When in college, I started reading the Bible, which led me to cognitive dissonance. St. Paul says, godliness with contentment is good. He goes on to say, “I have learned to live in abundance and in need.” But this is the man who single-handedly took Christianity to all known parts of the world of his time. He writes about his ambition to spread that idea everywhere. Should I follow what he said or how he walked?

Should I be content, which leads to lethargy, or should I be ambitious, which seems to lead to pride and disappointment? Is this a paradox to explore or a dissonance to solve?

I read as many books on this topic and listened to philosophers and yogis.

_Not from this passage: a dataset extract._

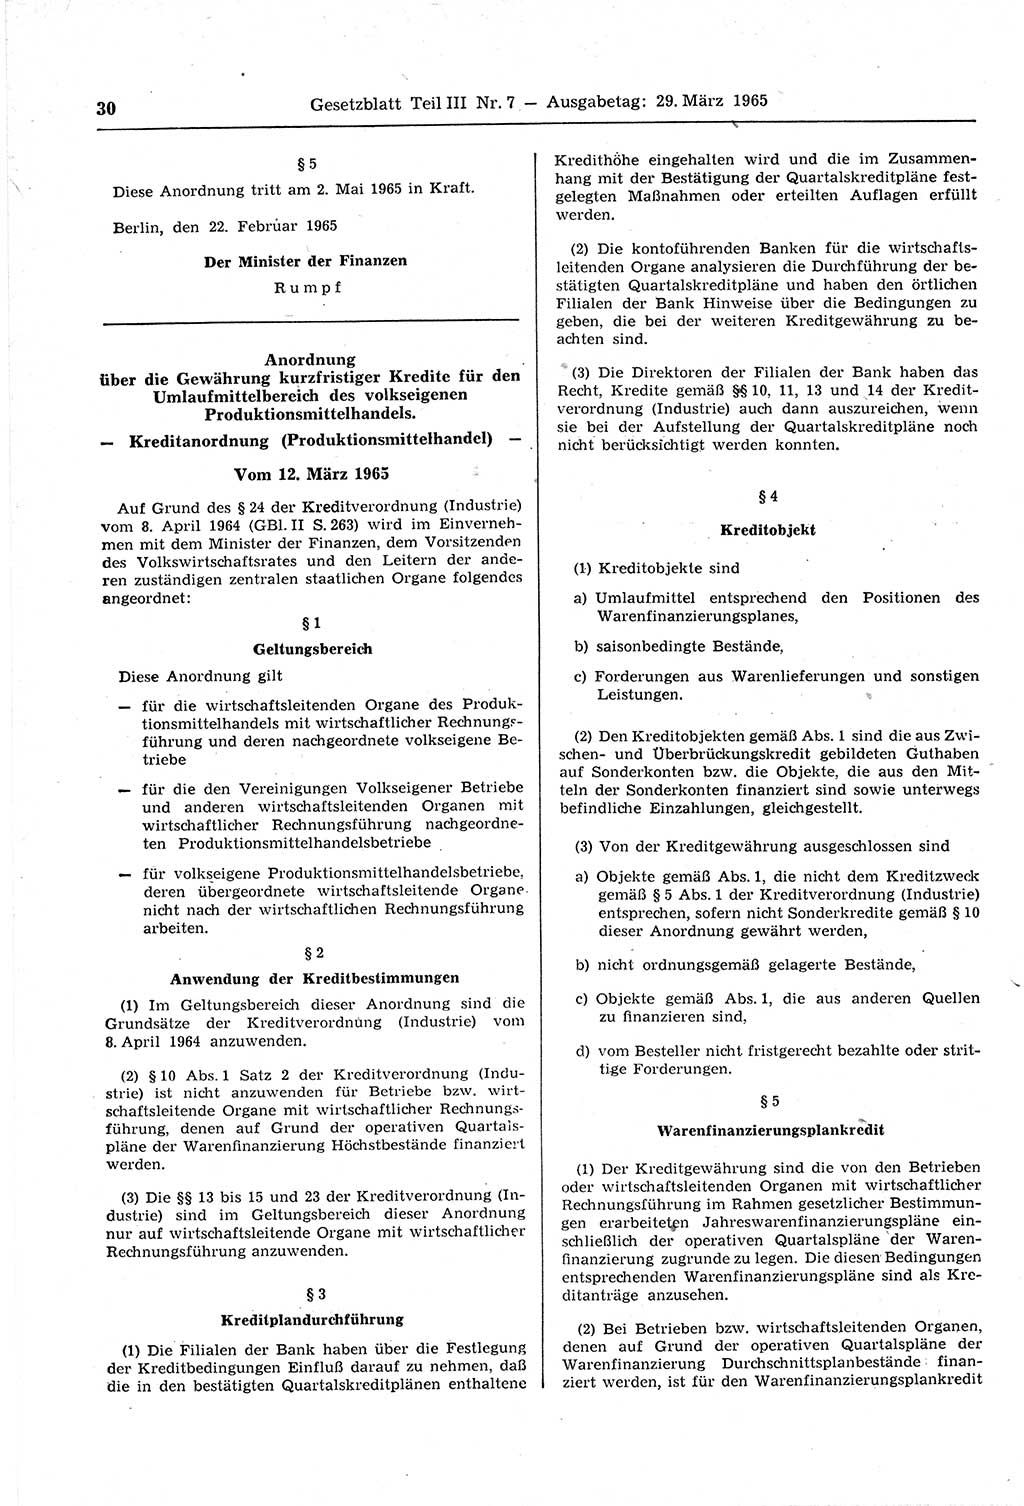 Gesetzblatt (GBl.) der Deutschen Demokratischen Republik (DDR) Teil ⅠⅠⅠ 1965, Seite 30 (GBl. DDR ⅠⅠⅠ 1965, S. 30)
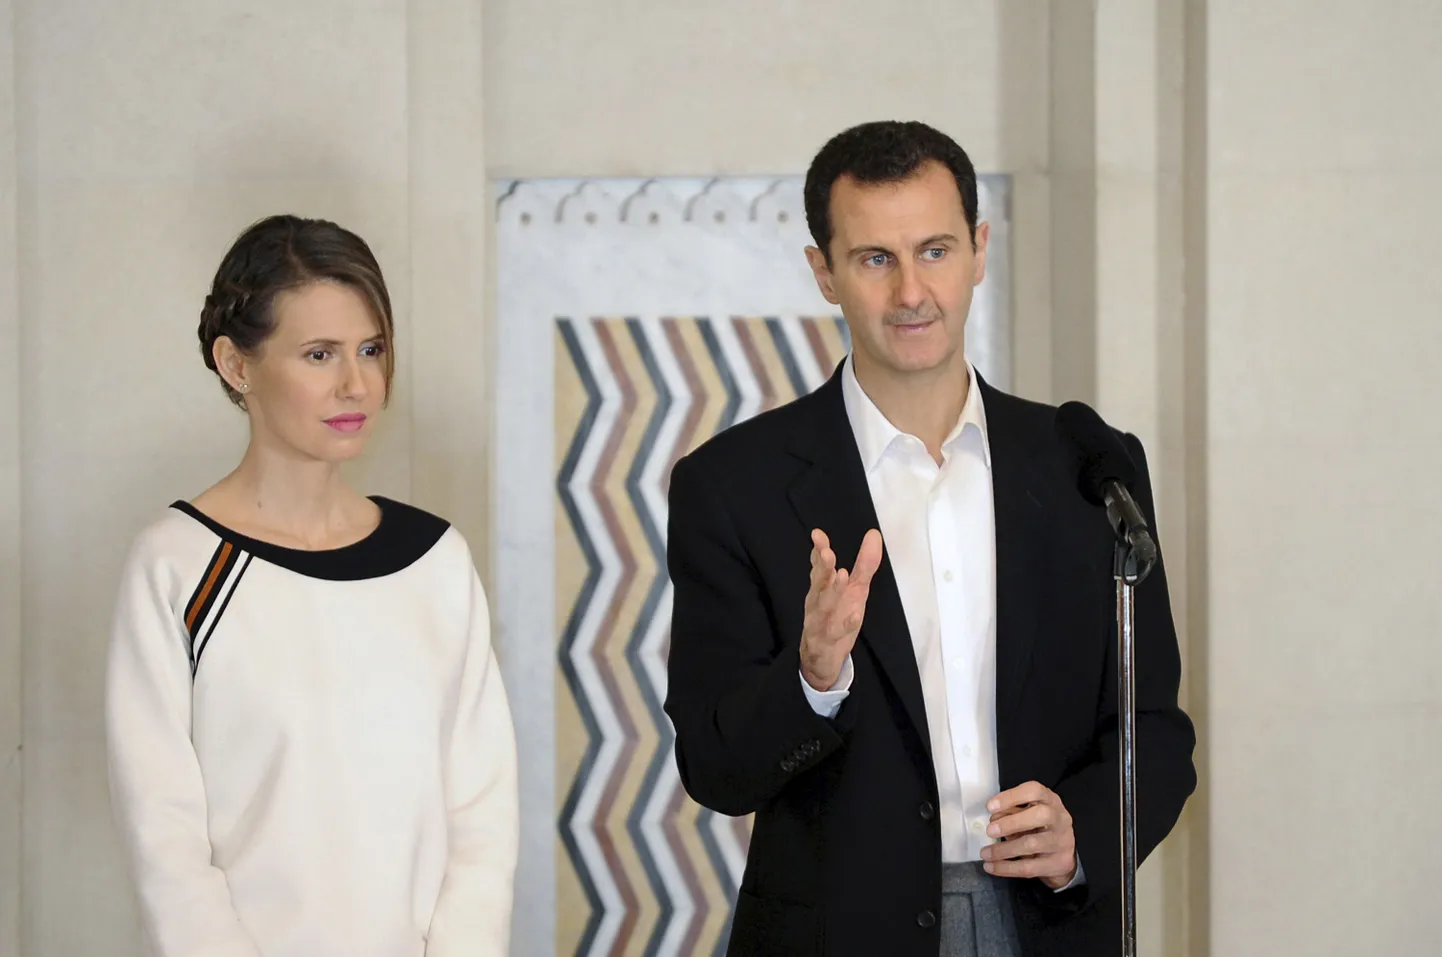 Süüria president Bashar al-Assad koos abikaasa Asmaga.

I oscillated between experimenting with contentment and ambition. I didn’t get a clear answer. The answer was always right there in front of me, but I had to pursue persistently to show that I was desperate for the answer.

Recently, while thinking more about the topic, everything came together. There are three aspects to life in this context: being, doing, and having.

  • Being - what you are; who you are; what characters you exhibit etc
  • Doing - what you do for yourself, family, and others.
  • Having - what you accumulate in this life - not just tangible things like money, car, and house but also intangible things like fame, network.

I realized that Paul was ambitious in being and doing but content in having.

I should be ambitious in being and becoming a better person; I should be ambitious in doing good for others and myself; I should be ambitious in making this world a better place; I should be ambitious in fulfilling my purpose in this life. It’s no humility to live a lesser life than the one you are capable of living. At the same time, I should be content with what I have achieved, acquired, and accumulated.

As the Chinese say, this is yin and yang. You need to have this duality at the same time. Only then you feel fulfilled. Just because I stumbled on this doesn’t mean I am practicing it, but there is great peace in resolving it.